This is the second of two articles in this issue on the grants recently approved by the Global Fund Board. In this article, we report on the comments of the Grant Approvals Committee (GAC) on four countries in the Latin American and Caribbean region: Belize, El Salvador, Panama and Paraguay.
On 12 November 2018, the Board approved the 14th batch of grants from the 2017-2019 allocations, worth a total of $98.0 million in funding for 14 grants from 13 countries.

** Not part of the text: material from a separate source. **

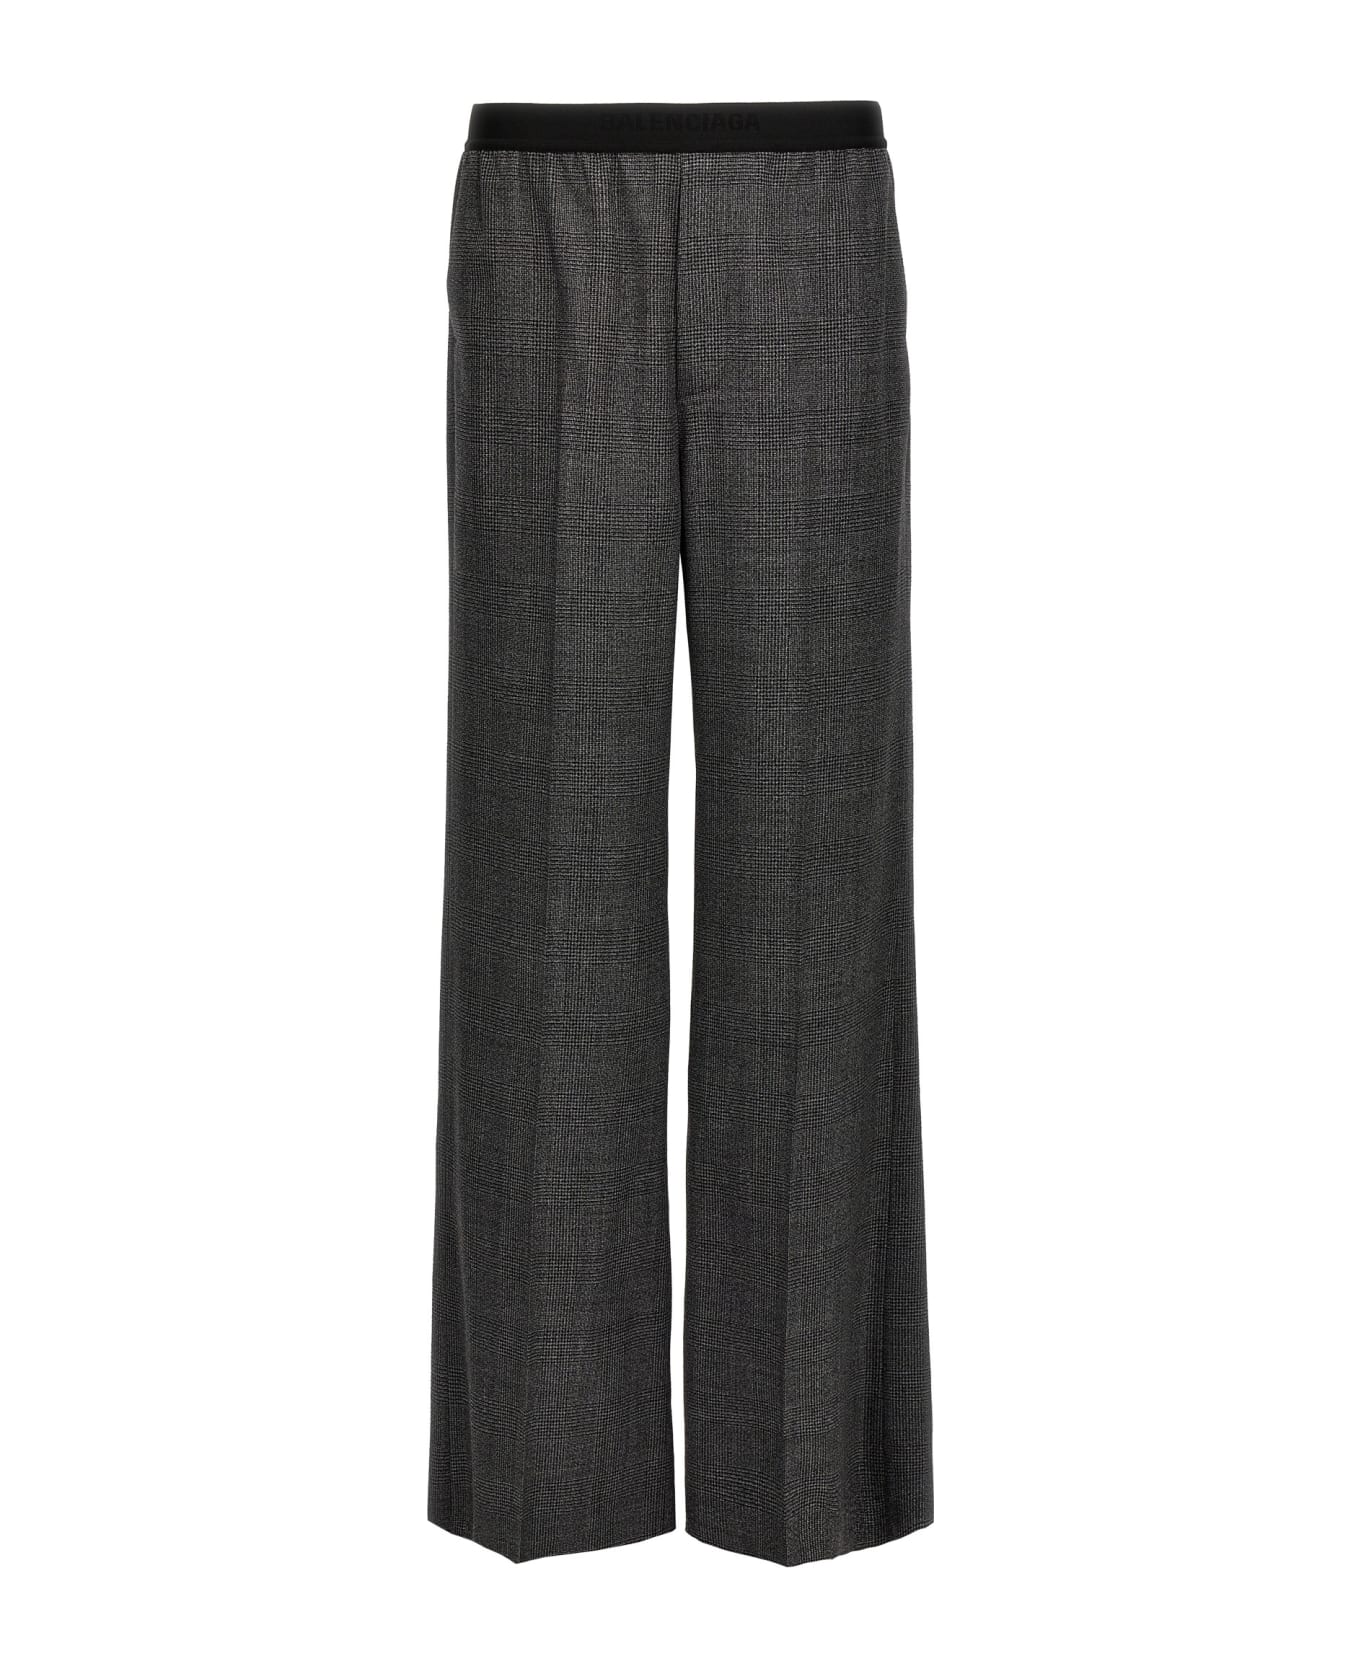 Balenciaga Check Wool Trousers - Gray ボトムス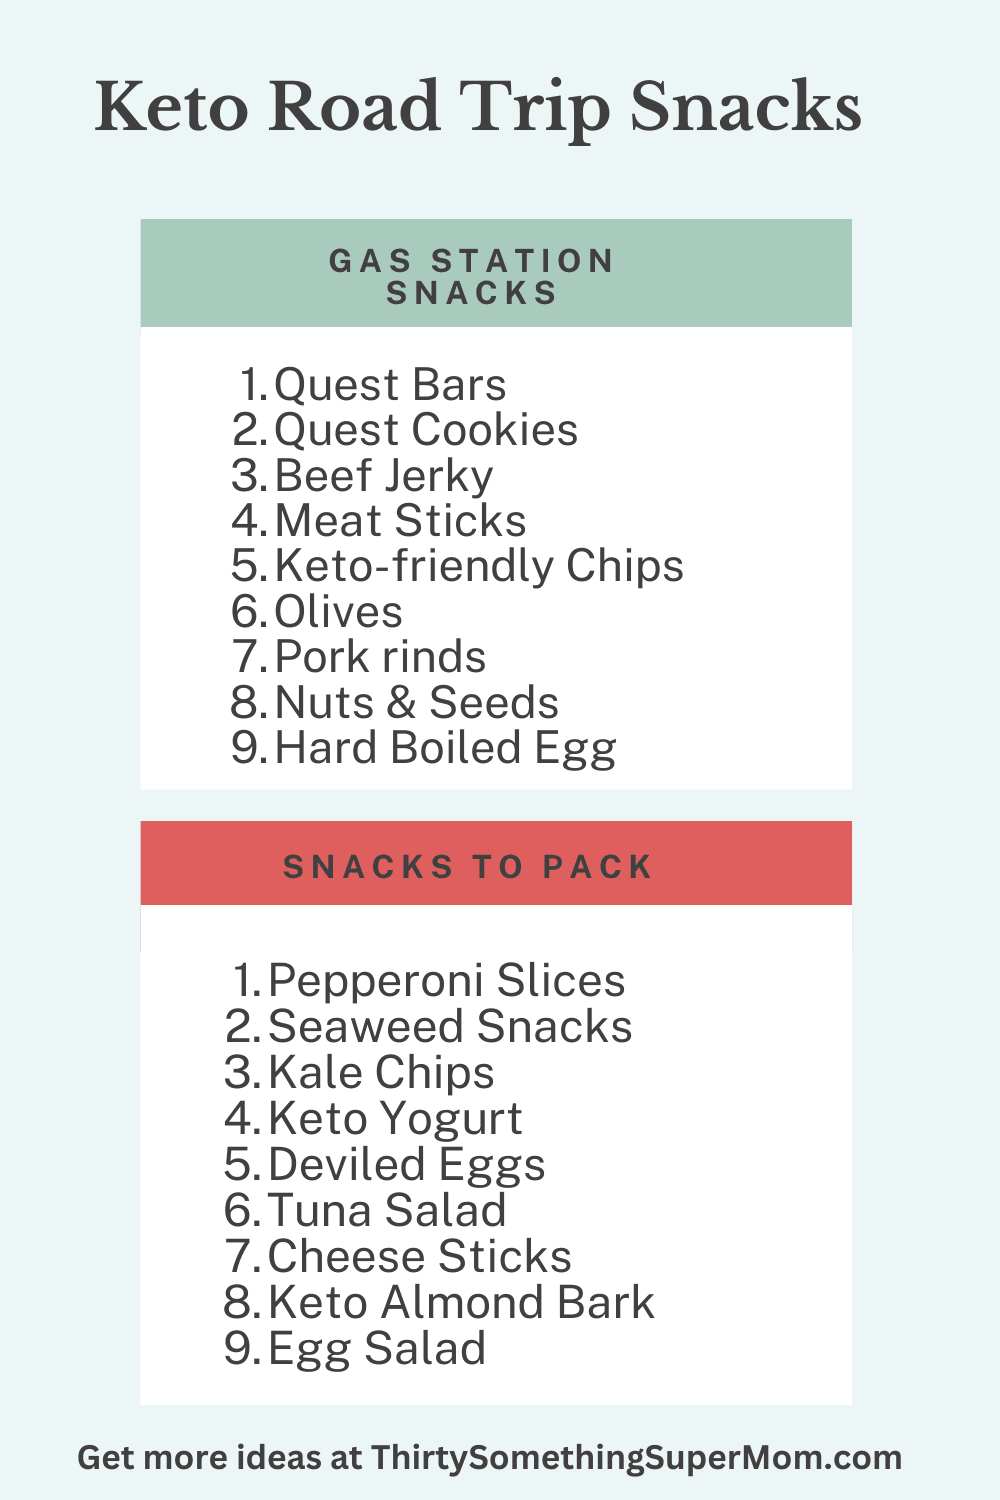 Keto road trip snacks list.

The nine grant components approved for eight countries in the Latin America and Caribbean region (LAC) were two each for HIV, TB, and malaria, and three for TB/HIV (see Table 1 in the first article in this issue). The total amount approved for these nine grants was $57,774,455. Interventions totaling $3,060,325 million for the nine LAC grants were added to the Unfunded Quality Demand (UQD) Register. Domestic commitments to the LAC programs represented by the approved grants amounted to $399,232,943 million.
In this article, we summarize the GAC’s comments for four components: Belize TB/HIV, El Salvador HIV, Panama TB/HIV, and Paraguay TB.
GAC comments on individual country funding requests
At 1.4%, Belize has the highest national HIV prevalence rate in Latin America. This rate means that Belize’s HIV component remains eligible for Global Fund financing (even though Belize is an upper-middle-income country). The TB component (TB incidence of 38 cases per 100,000 people) is transitioning away from Global Fund financing.
However, Belize developed a transition readiness assessment (TRA) and work plan for both TB and HIV, reflecting Belize’s desire to keep the two programs working together. The objectives of the transition work plan are:
- To scale up and advance a human rights framework for key populations;
- To build political will through an investment case that demonstrates the national economic cost/benefit of investing in the public-sector response; and
- To support sustainable HIV and TB responses by strengthening and building systems and collaboration between government and community.
According to the GAC’s report to the Board, after the TRP reviewed the funding request, the Secretariat asked the GAC for some direction concerning how to prioritize the TRP’s recommendations “given the smaller size of the allocation relative to the previous allocation.”
Editor’s note: Belize was allocated $1.92 million for 2017–2019 compared to $4.50 million for 2014–2016. However, on numerous occasions, the Secretariat has said that the allocations for the two periods are not comparable (mainly because the 2014–2016 allocations included existing as well as new funding). This was explained at length in a GFO article on 23 October 2017. Despite what the Secretariat said, however, in its comments on individual funding requests the GAC (which is part of the Secretariat) has frequently alluded to individual country allocations having been reduced from 2014–2016 to 2017–2019.
The GAC recommended that the applicant focus on improving the antiretroviral treatment cascade; improving TB outcomes; building national capacity; and ensuring there are no legal barriers to social contracting.
The GAC noted that the grant envisages supporting the development of a civil society organization (CSO) hub, a platform for bringing CSOs together to (a) support a more comprehensive and coordinated CSO response; and (b) help the government implement social contracting. The GAC welcomed this initiative, though it noted “the inherent complexity of coordination” and the need for more focus on capacity building, especially for smaller NGOs, some of which is ongoing through the Community, Rights and Gender (CRG) Strategic Initiative. The GAC encouraged Belize to continue to strengthen efforts in this area.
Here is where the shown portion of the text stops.